In our evaluations, the number of iterations was set to 1000, but the schedule is not necessarily improved in every iteration. Generally, 3–6 meaningful ‘improvements’ to the schedule occurred over the course of these iterations; however, it is impossible to know beforehand when these improvements will occur. Thus, increasing the iteration cap above 1000 may result in slightly better outcomes at the cost of more optimization time. Conversely, reducing the iteration cap would reduce optimization time but may have either a minimal or critical effect on the final schedule.
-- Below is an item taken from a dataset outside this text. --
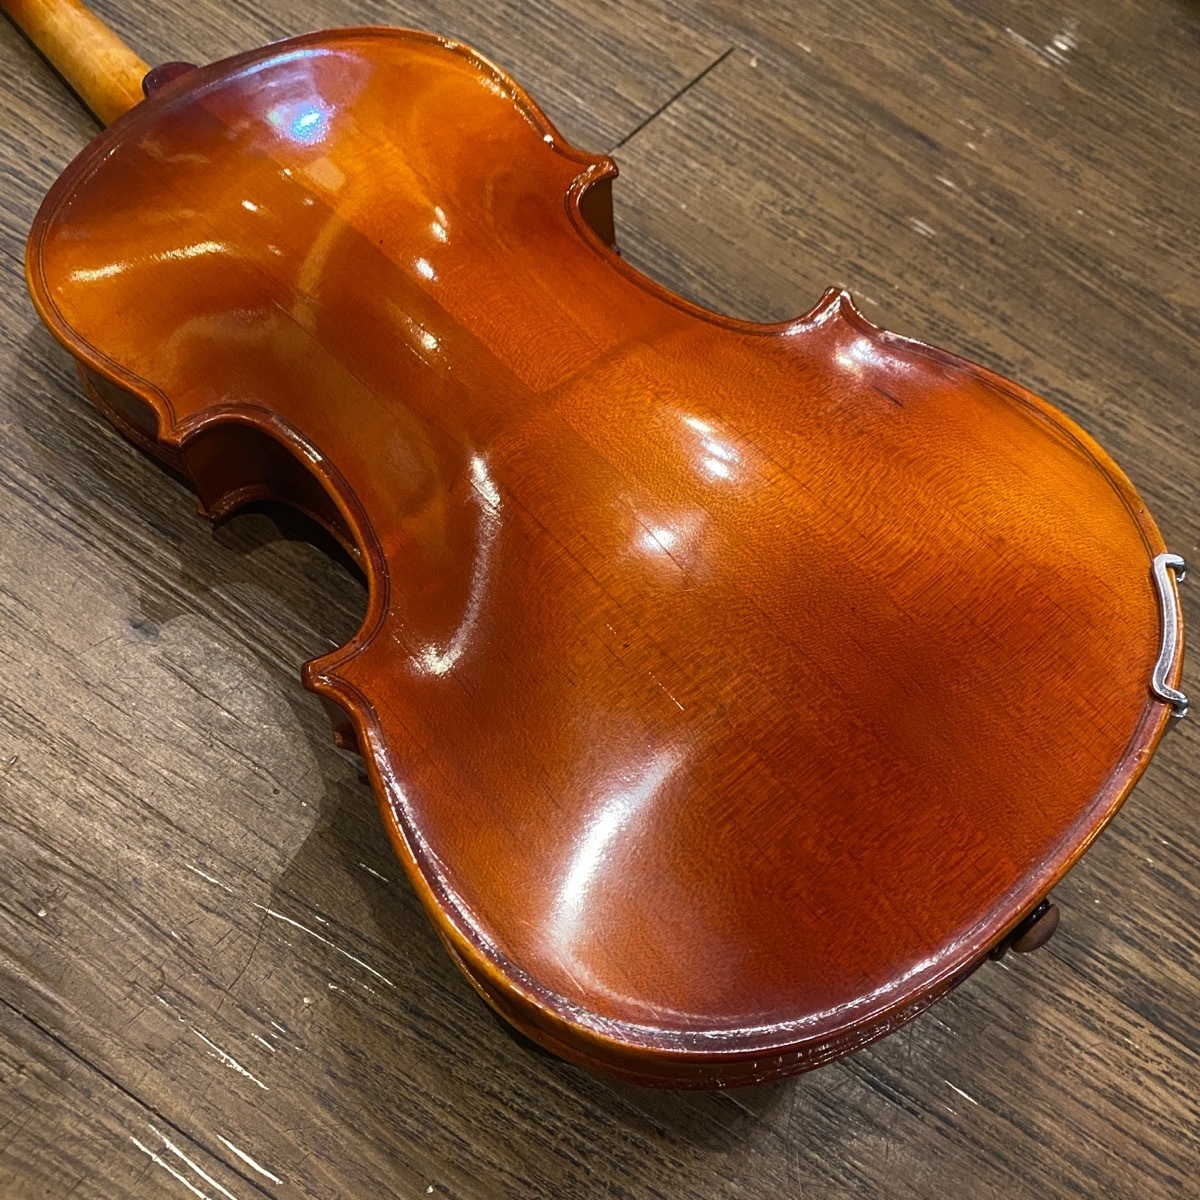 小提琴 MV-006 4/4 String Instrument バイオリン -GrunSound-x125-_画像7

The increase in optimization time as the number of patients, robots, or time steps increases is a byproduct of the problem being an MINLP. As MINLPs are NP-hard problems, an optimal solution cannot be found in polynomial time unless P = NP [38, 39]. The optimization duration thus increases exponentially with problem size and can become impractical if the problem is too complex, as seen in “Effect of patients, robots and time steps on optimization duration”. While there is no way to avoid exponential increases in optimization duration within the current framework, some steps can nonetheless be taken to speed up optimization. For example, in the current study, the BARON optimizer created all schedules with no initial guess. It would be possible to instead begin with an initial schedule (e.g., one created by a therapist based on a quick evaluation of the patients) and have the system try to improve upon it.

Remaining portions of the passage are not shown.